Personally, it'd help me to better understand this and related proposals by seeing the API in context. Something like the following example sketches would help to span the space of beginner/intermediate projects:
- Simulations from NOC
- 2D game engine from scratch
- Raytracing from scratch
- Neural network from scratch
- Image compression with PCA
- FFT from scratch
Thanks @nickmcintyre for the helpful list! I also have a list of creative use cases for matrices, in an internal set of proposals that I haven't published yet. Actually, one of the reasons to postpone publishing is that I'm still working on demos to illustrate some of those use cases. (I'm also holding off on it because my plate is full with the vector issues listed in #8149 at the moment.)
My current plan is to include links to the starter demos from the published proposals. Currently, I expect to cover cellular automata and some neural network concepts. I already have a working demo for the new Transform class that illustrates some of its functionality. We may develop other demos as a community, such as the ones you mentioned, to further flesh out specific features.
How does that plan sound to you?
- Partial broadcasting adds a lot of extra rules and special cases, which can make things confusing and harder to debug.
- On the other hand, standard broadcasting is simple, consistent, and easy to understand. It makes sure that when we work with vectors of different sizes, the results are predictable and make sense — especially for creative coding and sketching.
- By using standard broadcasting, we keep things clear and easy to use without adding extra work or forcing users to write their own helper functions.
Aligning with standard broadcasting is the best choice here.

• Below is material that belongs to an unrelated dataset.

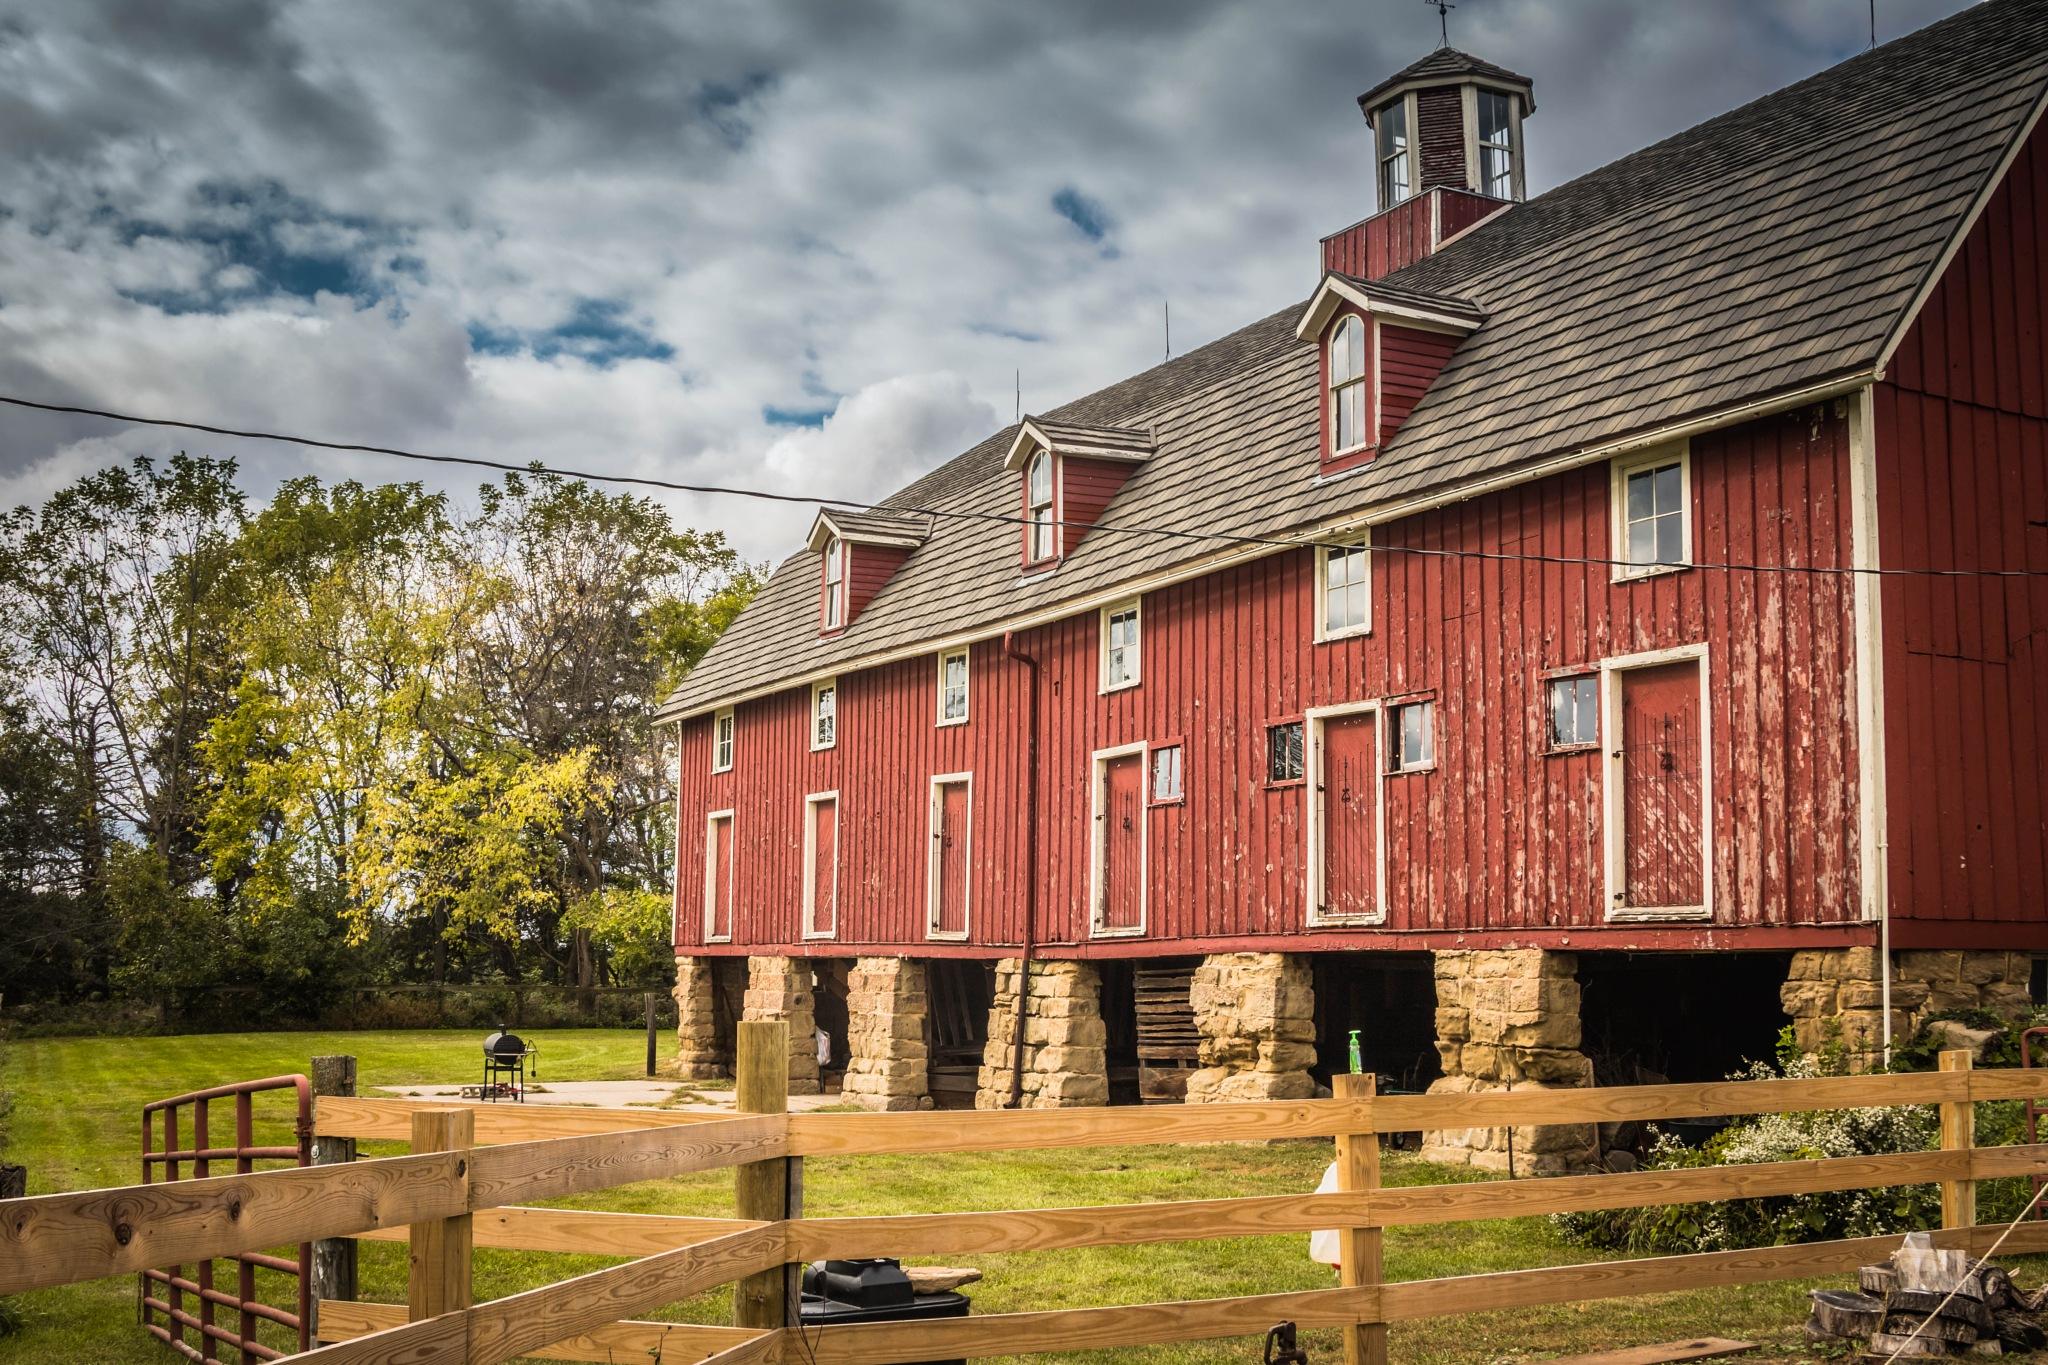 Walnut Grove Farm by MissyP87

I think we have consensus to use standard broadcasting when performing an operation on a vector with a 1D vector. So, for example, createVector(10,10,10).mult(createVector(2)) would return [20,20,20]. Similarly for other operations. It doesn't do this today, but there are no version 1 compatibility issues since it doesn't have 1D vectors.
The original proposal also includes broadcasting when using a scalar instead of a 1D vector. so createVector(10,10,10).mult(2) would also return [20,20,20]. Similarly for other operations. Corrently, only mult() and div() do this. Importantly, add() and sub() treat a single scalar parameter as the "x component of the vector to add/subtract", which is the documented version 1 behavior. This would be a behavior change from version 1, making them work like mult() and arguably improving consistency both internally and with other libraries. This is a subtle change and I want to make sure nobody is surprised by it. It can potentially break version 1 sketches, but I think most users would use code like v.x += 2 rather than the less obvious v.add(2) to add a value to only the first element of a vector.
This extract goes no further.